Classic Review: The First Wives Club (1996)

leandromatos1981March 12, 202075/100n/a9 min
Starring
Goldie Hawn, Bette Midler, Diane Keaton
Writer
Robert Harling
Director
Hugh Wilson
Rating
PG (United States)
Running Time
103 minutes
Overall Score
Rating Summary
The First Wives Club is a great comedy with unexpected leads that all deliver knockout performances in their own right.

Some films become cult classics and we can’t really point out why. They are not landmarking of filmmaking, nor they have an unforgettable performance or another element that it in the must watch list. But even so, there’s something about them that just clicks and make them pop out and be remembered years to come.

The First Wives Club is one of these films; originally released in 1996, the film was an instant success, telling the story of three almost 50-year-old women who are all abandoned by their husbands for younger women. Elise (Hawn) is a Hollywood actress who’s past her prime and is trying her best to preserve her youth; her husband is a producer named Bill (Victor Garber), who’s of course a pig and is dating a young starlet named Phoebe (Elizabeth Berkley). Brenda (Midler) is a housewife who helped her husband Morty (Dan Hedaya) create an empire and was traded of for a stupid bimbo (Sarah Jessica Parker); and Annie (Keaton) is an executive who always put her career behind her husband Aaron (Stephen Collins) lives a completely submissive life. They reconnect after decades apart in the funeral of their fourth friend Cynthia (Stockard Channing) committed suicide after being left for a younger woman. Seeing the similarities in all their pain make them unite and promise to pay back all the suffering they are experiencing.
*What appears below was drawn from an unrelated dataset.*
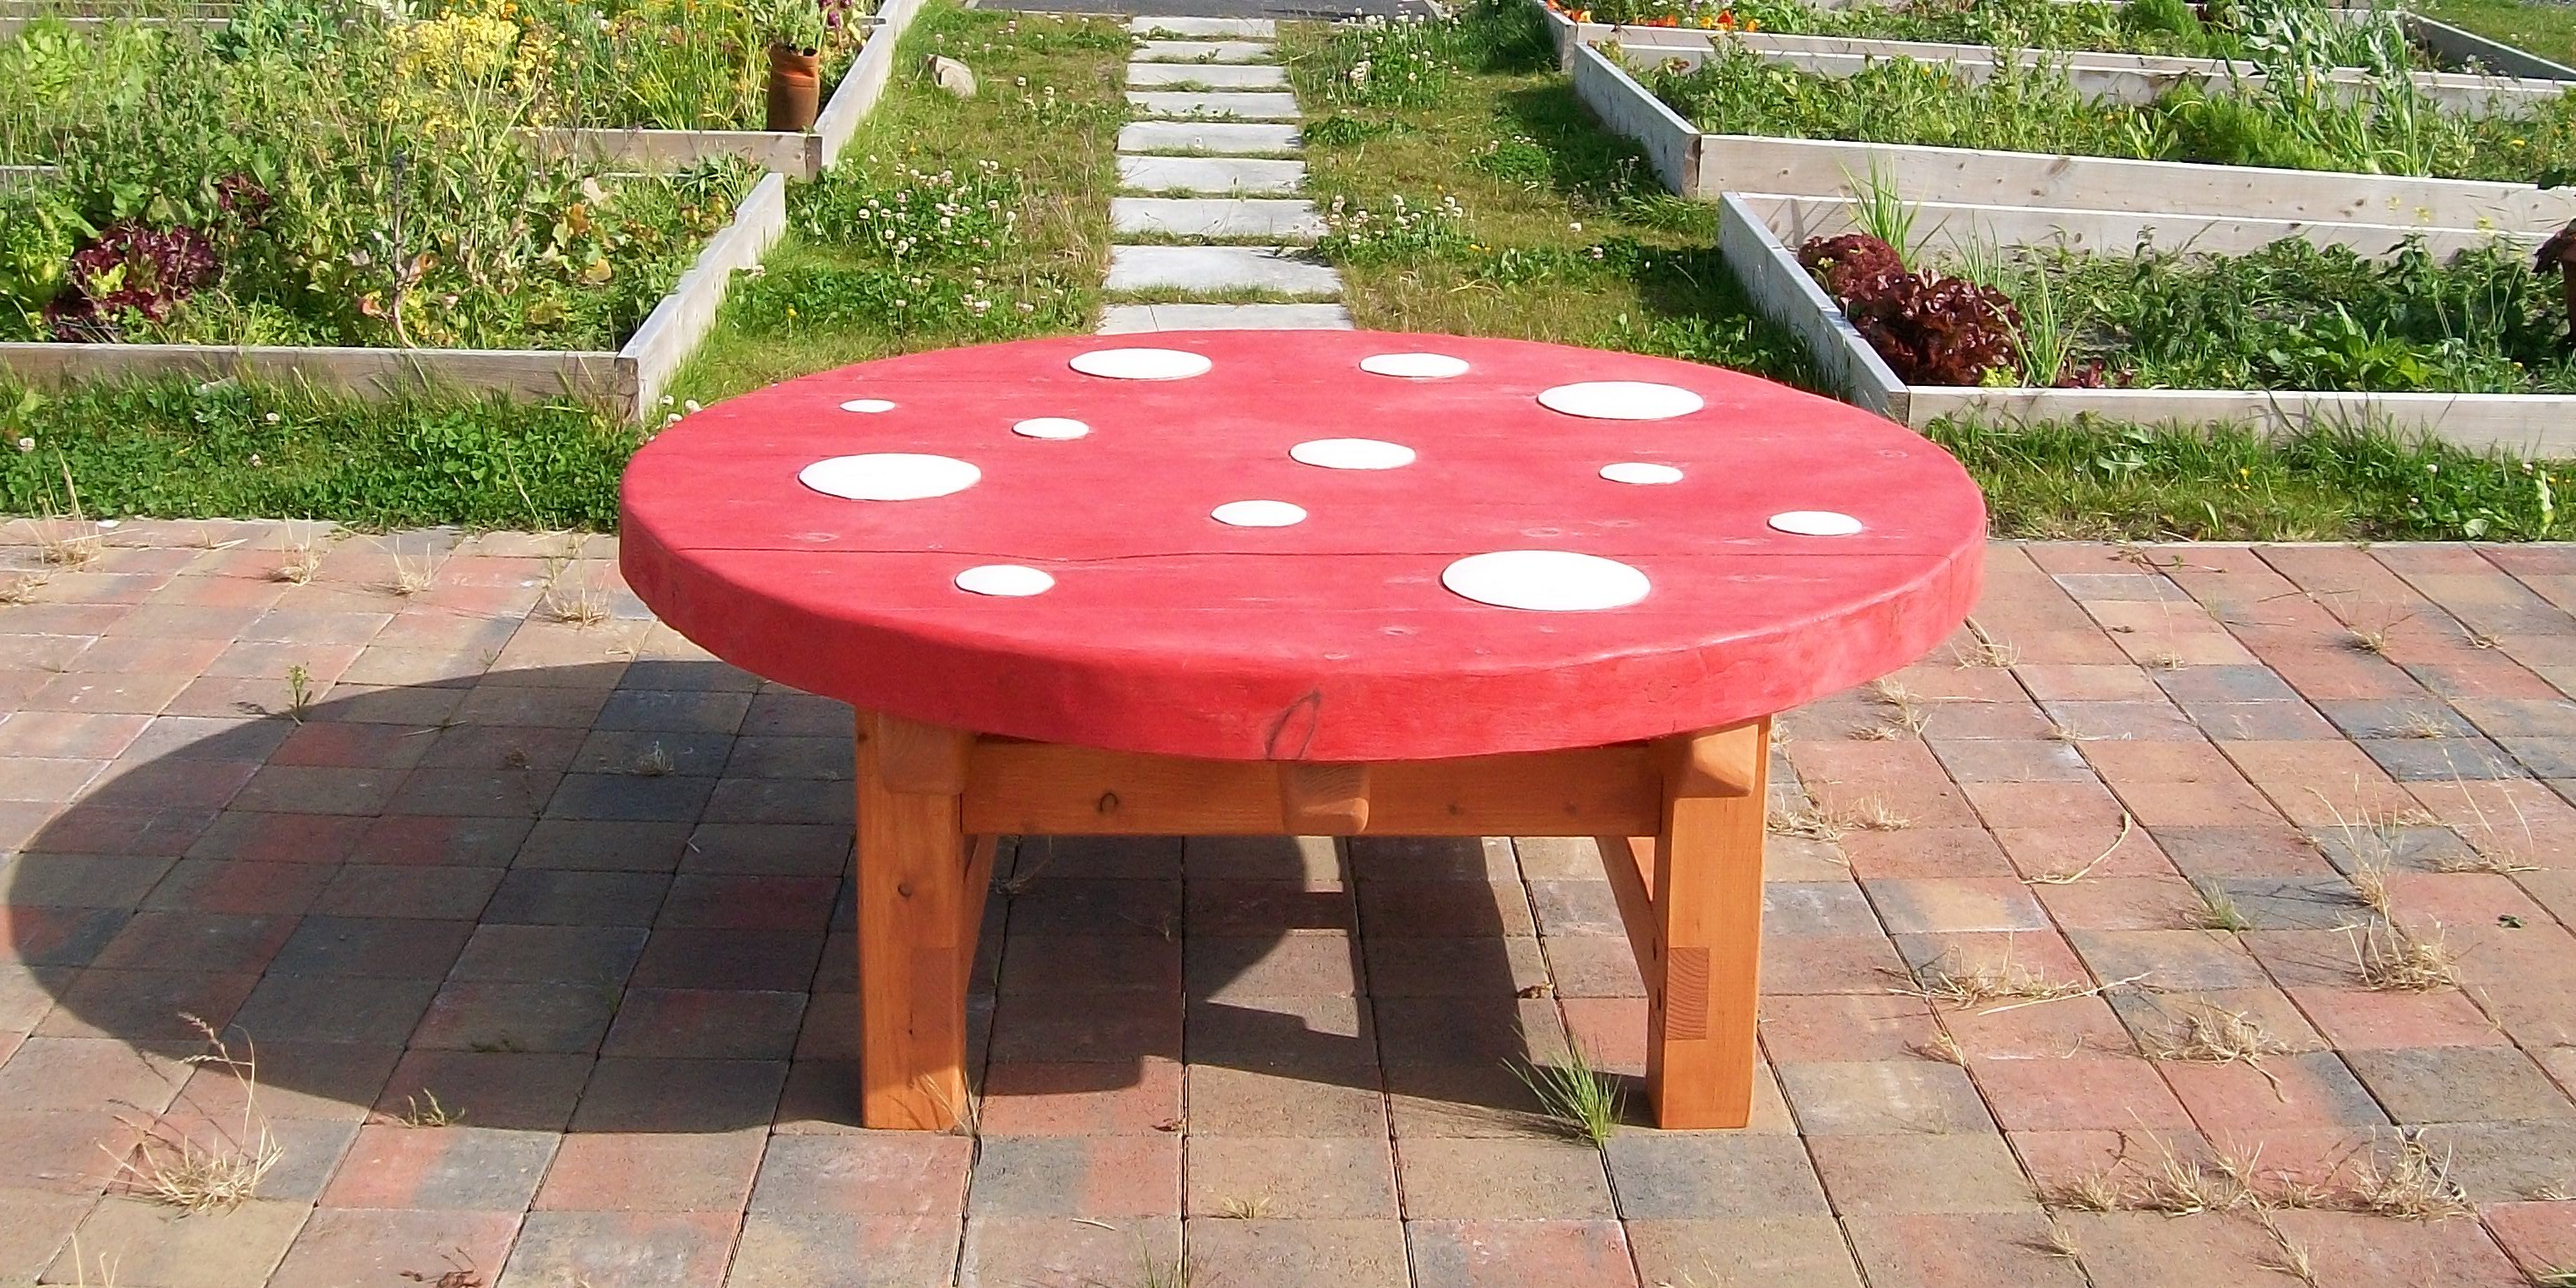 mushroom table, gardens , friendship table, garden furniture, sculpture, school playground, bespoke, designed by pupils, eco garden,

As a film, The First Wives Club is pretty by-the-book. They are in pain, they unite, they promise revenge, they go at it, they finally see the greater picture and learn from their mistakes. Nothing in the structure of the story is particularly groundbreaking, but that doesn’t mean it’s not exactly that in a lot of aspects. This is a film that deals, among other things, with 50-year-old women being dumped and finding new purpose in live , and most importantly, ending the story feeling totally secure of they are in the world, proud of their choices, their bodies, their lives. To have a film with one lead at that age would already be a risk, and one with three leads would probably seem like a recipe for disaster in the 90’s. when representation was still only being whispered. Not only does the film turn our expectations around, it also made a lot of money, another proof that people older than 15 also went to the theatre.
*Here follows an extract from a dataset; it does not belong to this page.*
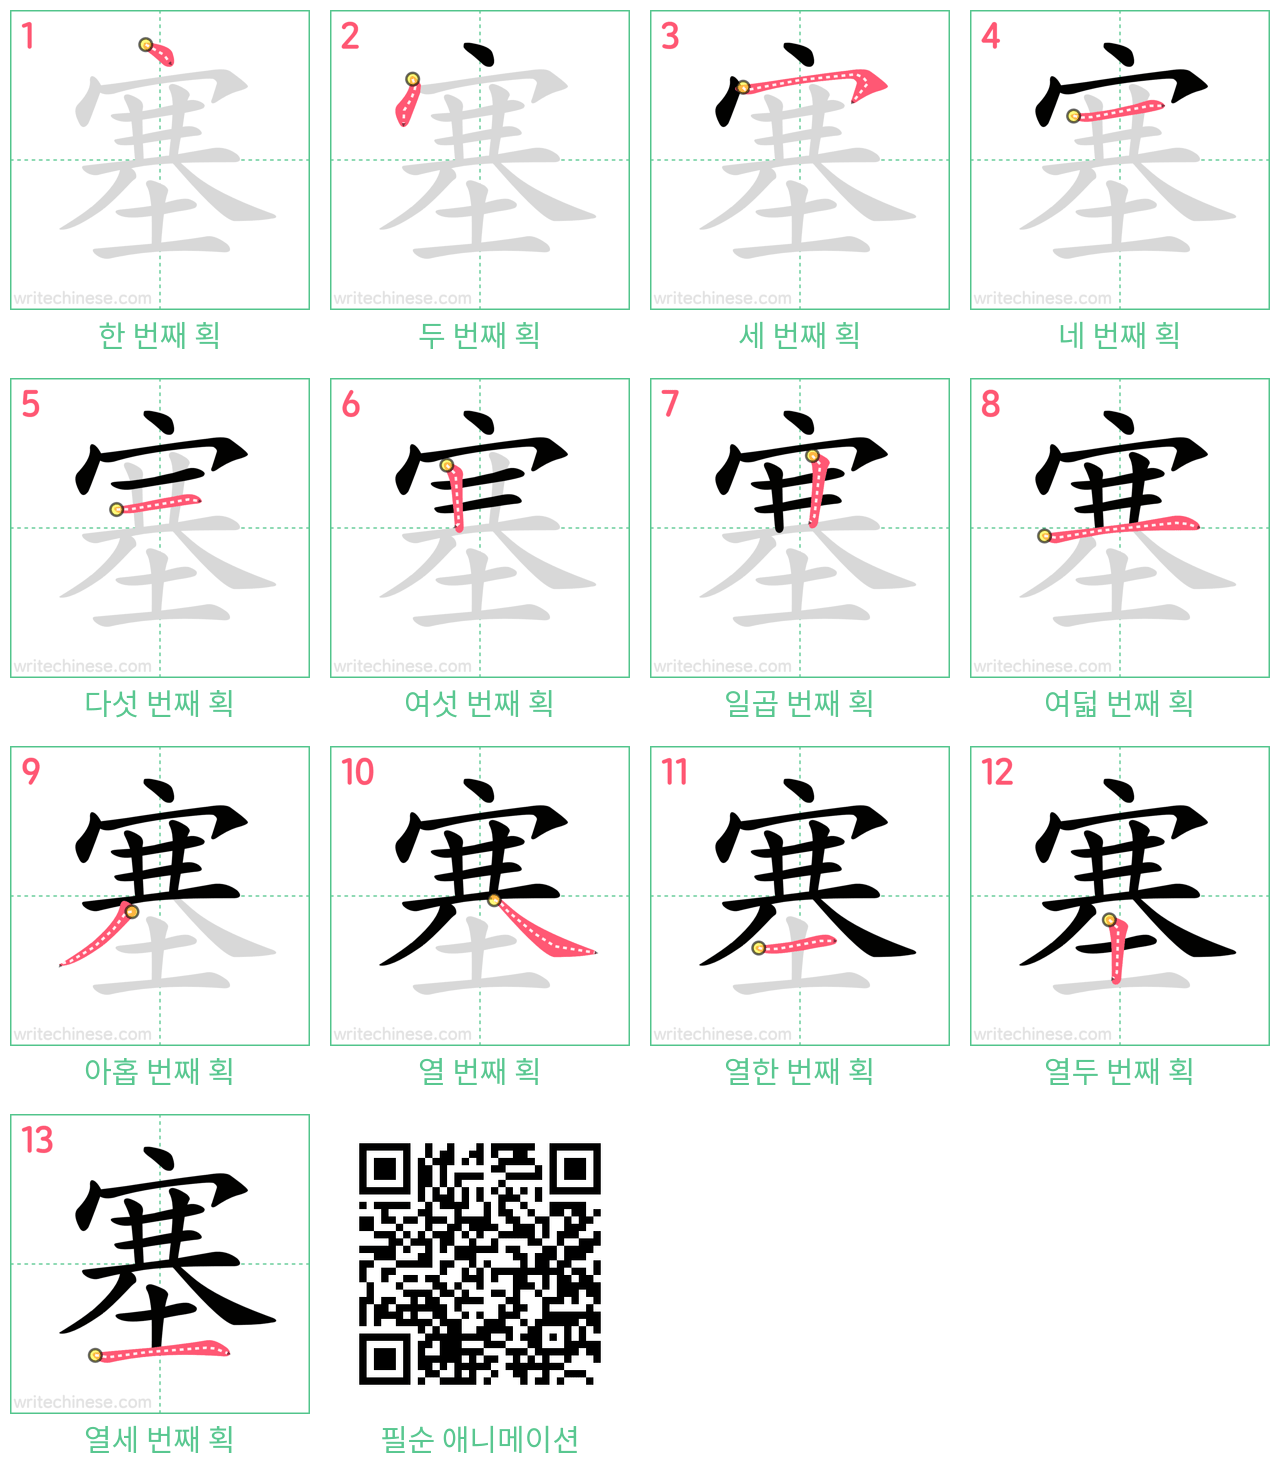 塞 step-by-step stroke order diagrams

Meanwhile, the script doesn’t shy away from a lot of issues that exists in stories like these, such as alcoholism, co-dependency, the feeling of not being useful, how horrible it is to be so easily discarded, sexuality, looks and a lot more. It’s kind of a miracle that the script can assimilate so much and be actually cohesive. Probably the biggest catch here was the casting: the entire cast is extraordinary, an inspired collection of actors that bring a lot of personality to the film, from Garber to Channing (great in her one scene), Berkley, Hedaya, Marcia Gay Harden, Bronson Pinchot, Eileen Heckart, Philip Bosco, even the little parts are played by actors like Timothy Olyphant, J.K. Simmons and Heather Locklear. Sarah Jessica Parker and Maggie Smith especially are the ones to notice. Smith has just a few scenes, but her lines and her delivery are hilarious, and her reactions are just spot on; Parker has a more substantial role, and she kills it as the stupid blonde. The character has become a little cliché, yes, but she is still very funny in it.
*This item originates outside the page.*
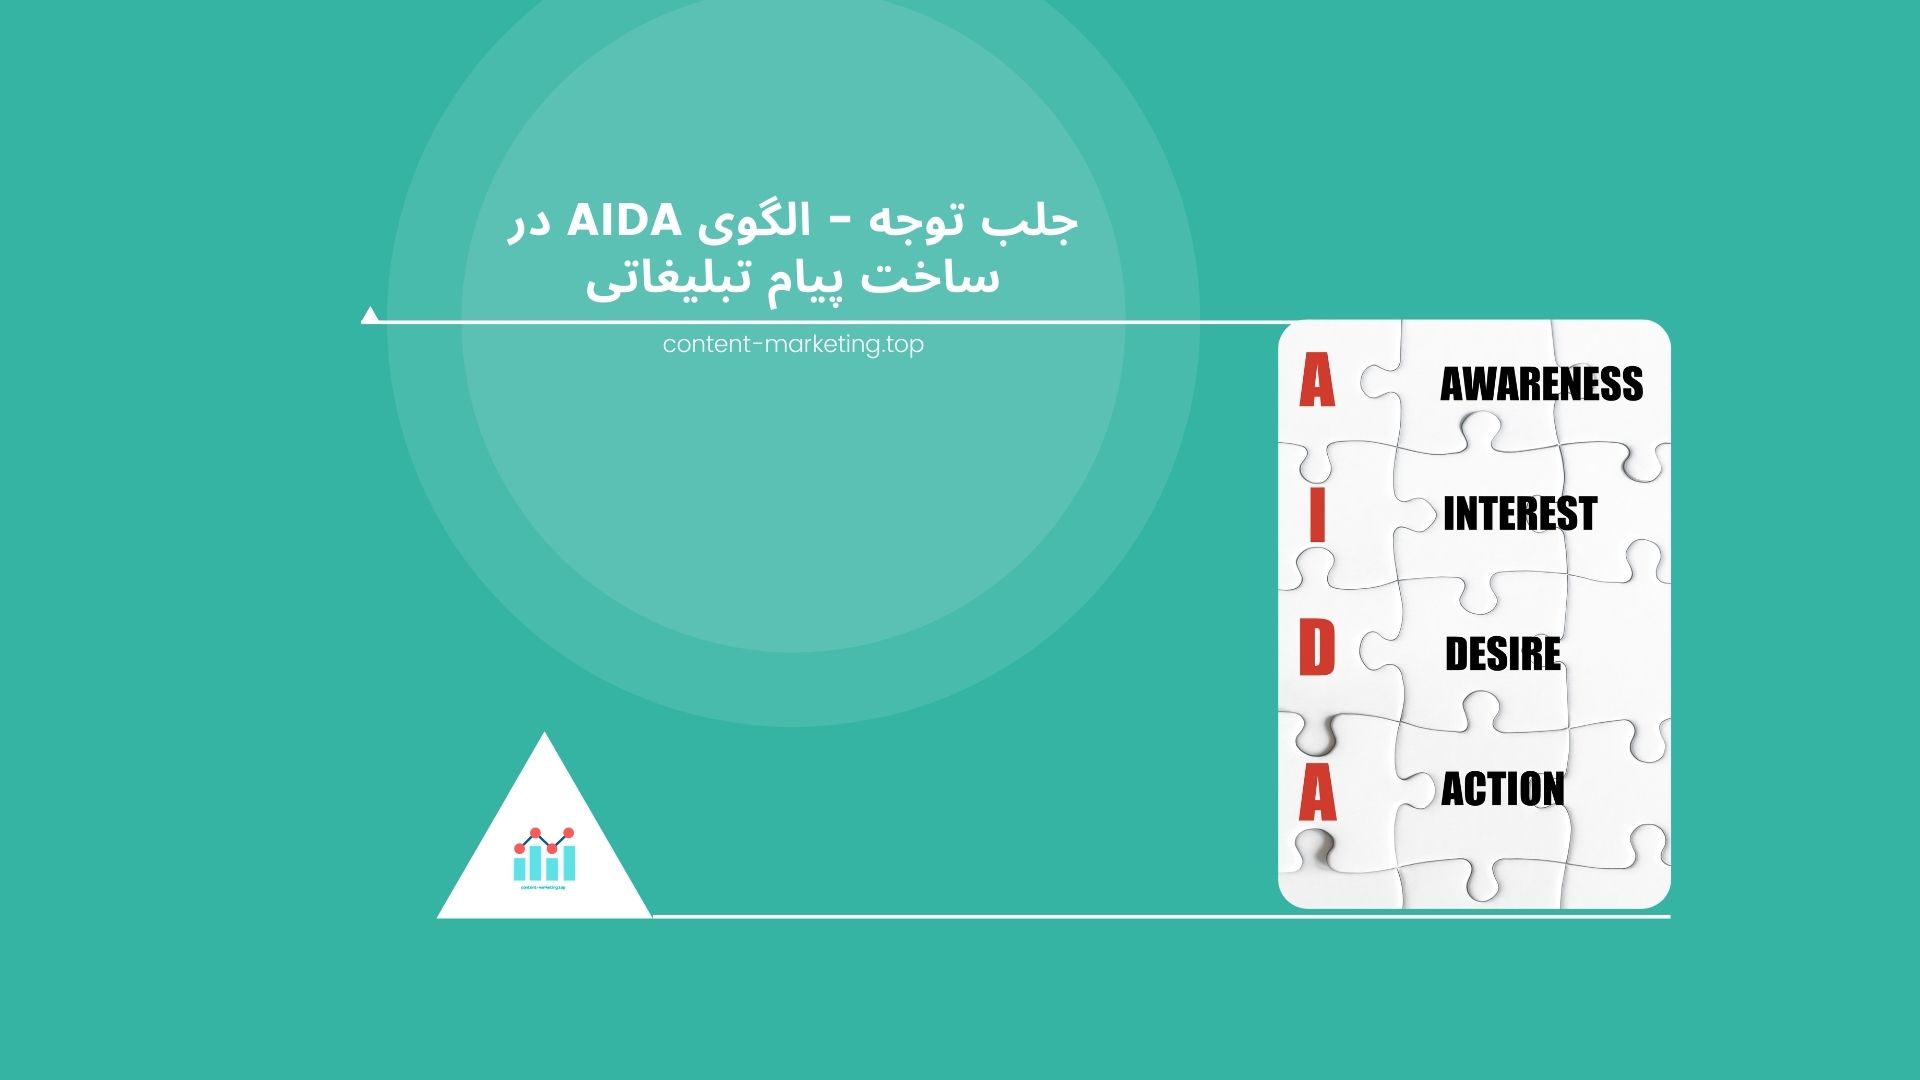 جلب توجه - الگوی aida در ساخت پیام تبلیغاتی

But if there are any performances that need to be praised here, they are the ones delivered by the three first wives. Hawn stands out a bit more because her Elise is just hilarious all around, but she’s followed very close by Midler, who has great sarcastic quips as Brenda, and Keaton, with the more discreet character of Annie. But most importantly, all their performances complement each other’s, the three actresses bring their A-game here and they are a united front that turns the whole thing into a delicious ride. You cannot imagine replacing any of these three ladies , why would we even try that? Wilson manages to create a well-rounded film that always entices our curiosity to what’s happening next. Some scenes are laugh-out-loud funny, like when the three have to escape Morty’s new house, and even the emotional moments work well.

The First Wives Club may not be considered a perfect film, but it also seems it never intended to be so. What it wanted to be, apparently, was a highly entertaining film, and it accomplished just that with aplomb.